Picture for the day:GoalBox

Blew my hand off for a while

I’m in the process of turning the Phantom testbed code into a research tool. This means that a lot of items that have been #defines now need to be variables and such.

One of the mechanisms that the shared memory app uses to communicate is a char[255] message. I basically sprintf whatever I want into that, and I can then debug both applications simultaneously.

However, after checking to see that some data were coming across correctly, I took the formatting argument out of the sprintf statement and left the value in.
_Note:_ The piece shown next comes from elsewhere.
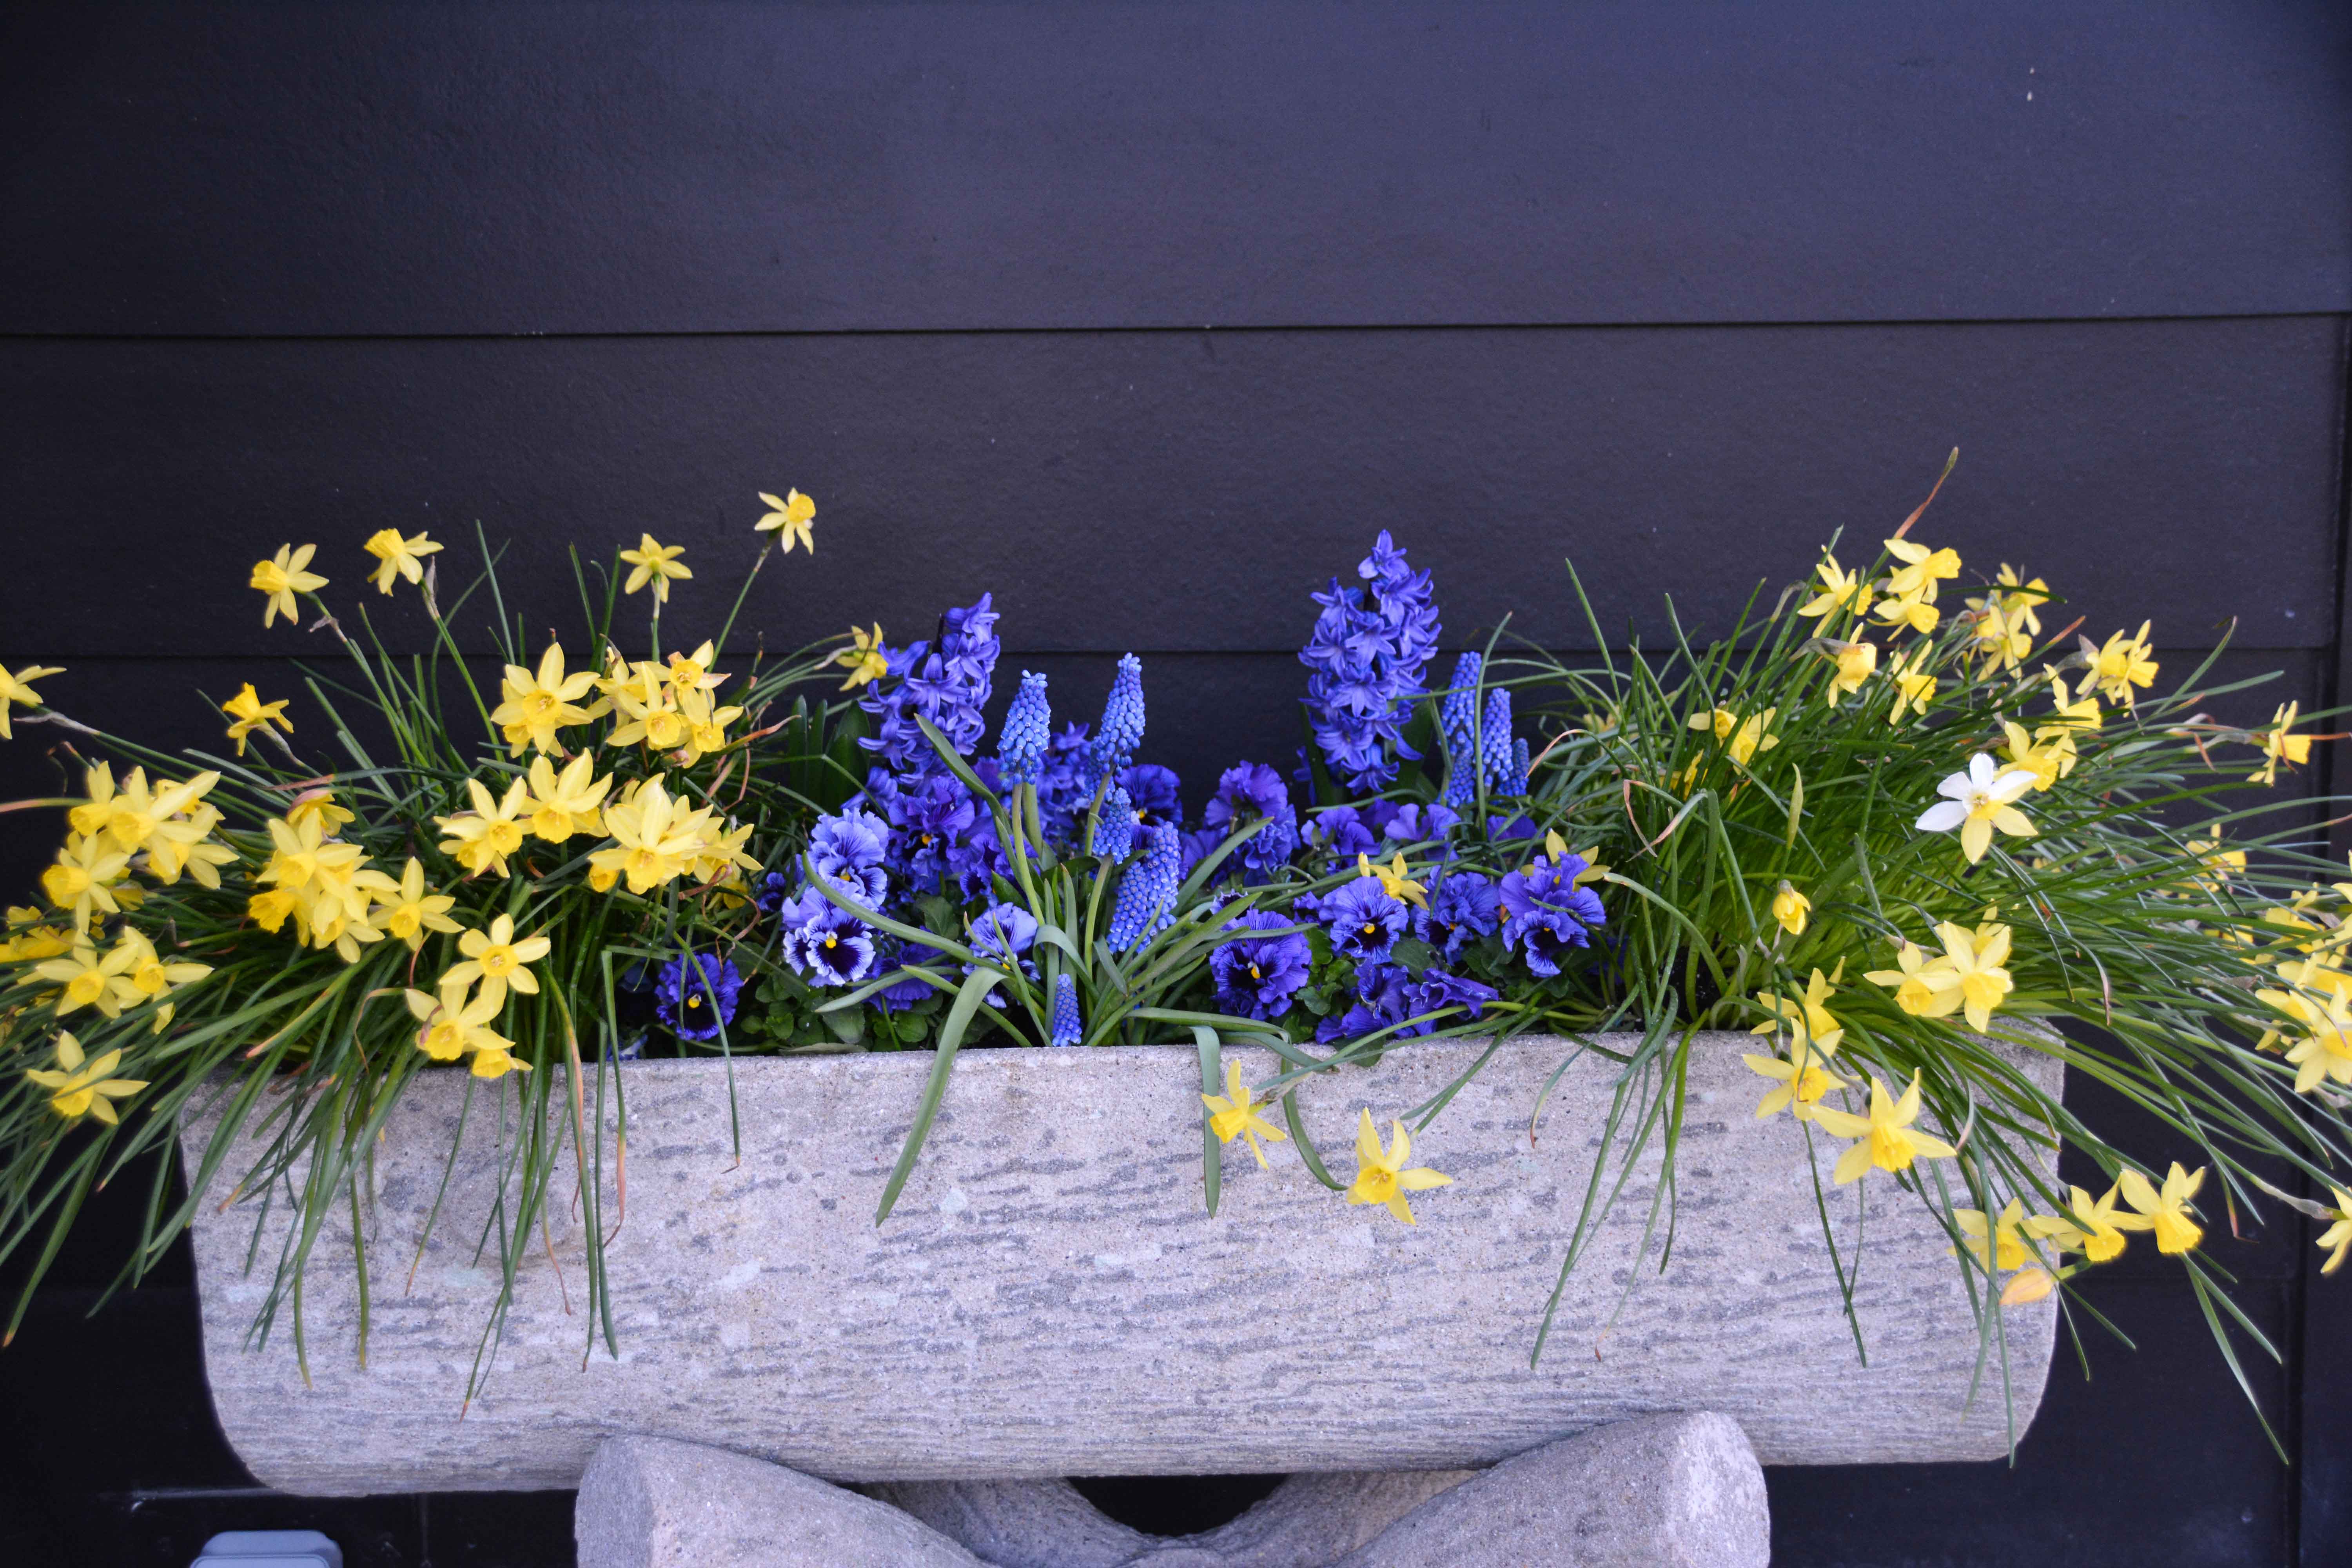 This container features Narcissus ‘Lemon Sailboat’ planted on the ends of the faux bois planter. The center is filled with a mix of Hyacinth Blue Jacket, Muscari armenicum and Viola 'Frizzle Sizzle Blue'. The fragrance when you walk past this container is intoxicating.  thinkingoutsidetheboxwood.com

Suddenly I was overflowing the 255 limit and causing all kinds of havoc. Took a few hours to chase that one down. That’s what you get for playing with C/C++. Moving on.

Anyway, I now have an event handling loop, and am able to load target spheres into the application and associate them with a sound file. Tommorrow we’ll try getting the sounds associated with the targets to play. There are some issues, primarily that the gripper can touch multiple targets simultaneously. Still, it looks pretty straightforward. After that I’ll start to roll in the TestManager and TestResults classes into the application.

The other thing to do for the day is to check out the headset code with Brian this evening in the lab and see if the output file bug has either disappeared or can be replicated.